Adtran also offers the AccessWave25, a 25-gigabit tunable wavelength transceiver in an SFP28 form factor with a reach of 40km.

The pluggable module is used to link remote physical layer devices (RPDs) in cable operators’ networks. Cable operators are upgrading their infrastructure from 10 gigabits to 25 gigabits to support DOCSIS 4.0.

“You can argue if DOCSIS 4.0 is here or coming at the year-end,” says Saeid Aramideh, vice president of business development, optical engines business unit, at Adtran. “But there is no argument about the need for 25-gigabit uplinks for the cable MSO market.”

Now Adtran is announcing the AccessWave50, a 50-gigabit SFP56 optical module for fronthaul, part of the radio access network (RAN) and for other developments driving traffic such as smart homes, Internet of Things, and Smart Cities.

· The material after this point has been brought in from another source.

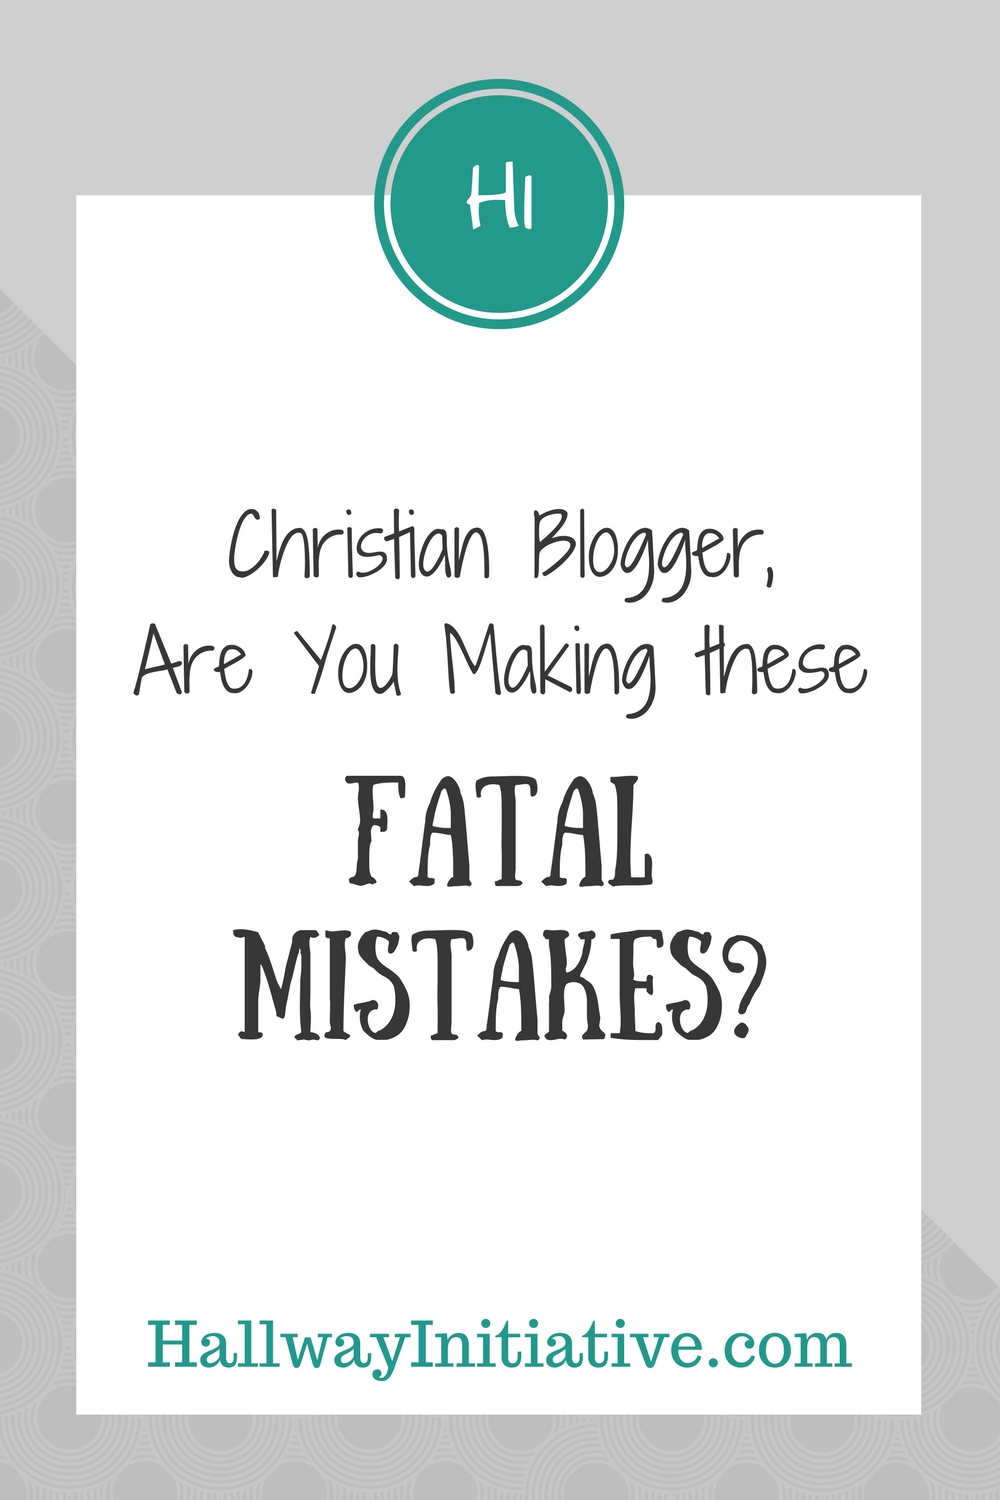 Christian blogger, are you making these fatal mistakes?
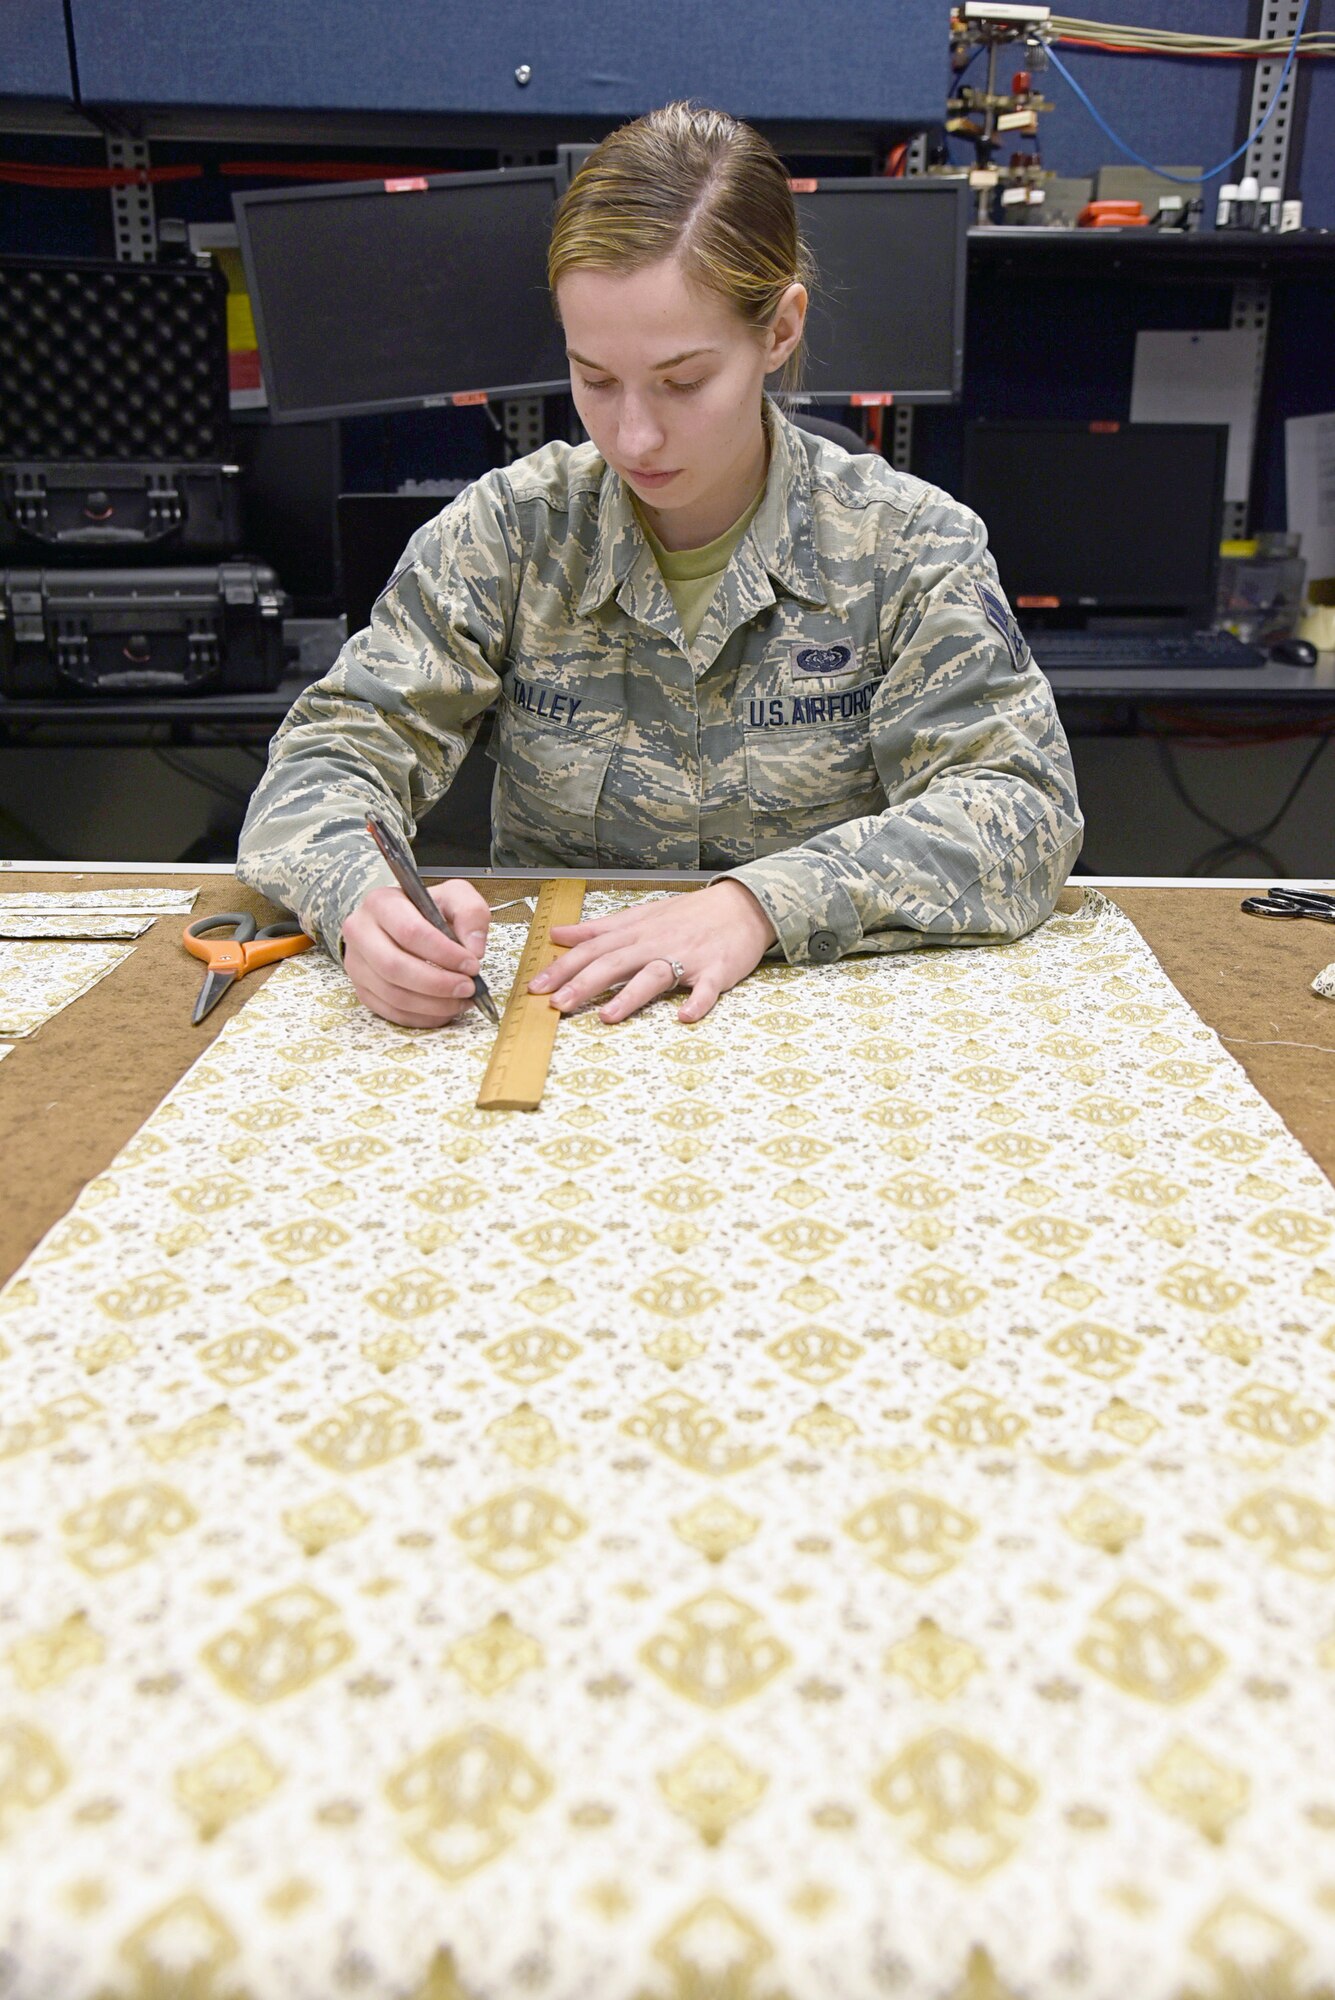 Airman First Class Sarah Talley, with the 552nd Air Control Network Squadron, measures fabric which will be made into face masks to be donated to local hospice and medical facilities around the Tinker community. Fabric and materials were donated by a local store, Sew and Sews, for this project. Over 100 fabric masks have already been made and are ready to donate. (U.S. Air Force photo/Kelly White)

Aramideh refers to these applications as driving ‘enhanced’ broadband networks, requiring the upgrading of 25 gigabit links to 50- and even 100-gigabit ones.

Front-haul networks

For mobile, telco operators and RAN equipment makers are working with optical component makers to drive innovation in pluggables for emerging architectures such as enhanced 5G and 6G, says Aramideh.

In mobile networks, the front-haul network carries radio signals using the CPRI (common public radio interface) or enhanced CPRI protocols between the remote radio heads and the baseband units.

For 5G front-haul, the modules used are mainly at 10 gigabits-per-second (Gbps) with some 25-gigabit modules deployed. Adtran’s AccessWave50 addresses the next speed hike.

Source: Adtran

Adtran has designed the AccessWave50 using proprietary signal-shaping and distance optimisation techniques along with 4-level pulse amplitude modulation (PAM-4) to achieve the 50Gbps line rate.

“PAM-4 is proving itself to be a cost-performance-optimised technology and give you spectral efficiency as you go to higher data rates,” says Aramideh. “Of course, it’s not coherent optics, but you don’t need coherent for all applications.”

AccessWave50 uses a tunable laser and has a 15km, not 40km reach, but that is sufficient, says Aramideh, since front-haul networks are latency-constrained. The SFP56 module consumes 2.5W only.

Compact networking

Adtran has also unveiled its latest open line system (OLS) for C-band coherent transceivers.

The company has been providing bespoke OLS systems for hyperscalers. ADVA, the company Adtran acquired in 2022, provided Microsoft with the OLS that, working with the original ColorZ modules from Marvell, enabled 100 gigabit PAM-4 transmissions over 80km links.

Source: Adtran

Adtran also provides an OLS for data centre interconnects using 400ZR coherent modules for reaches of 120km.

The latest FSP 3000 IP OLS platform is a compact one-rack (1RU) high box that supports eight wavelengths over 120km.

The platform also includes an OTDR (optical time domain reflectometer) for fibre diagnostics.

The OLS can be used with 400-gigabit, 800-gigabit, and ultimately 1.6 terabit coherent pluggable modules once available.

The OLS is also designed for telecom metro interconnect networks. “Telcos, in response to AI, are also looking for OLS technology tailored to coherent transceivers,” says Stephan Rettenberger, senior vice president of marketing and corporate communications at Adtran.

A chief design challenge has been to fit the OLS into a 1 RU form factor, requiring integration and packaging work. The OLS has also been designed to be set up and operated straightforwardly.

The platform is scalable: two racks stacked double the wavelength counts to 16.

The FSP 3000 IP OLS product is already in the hands of one telco customer, says Rettenberger.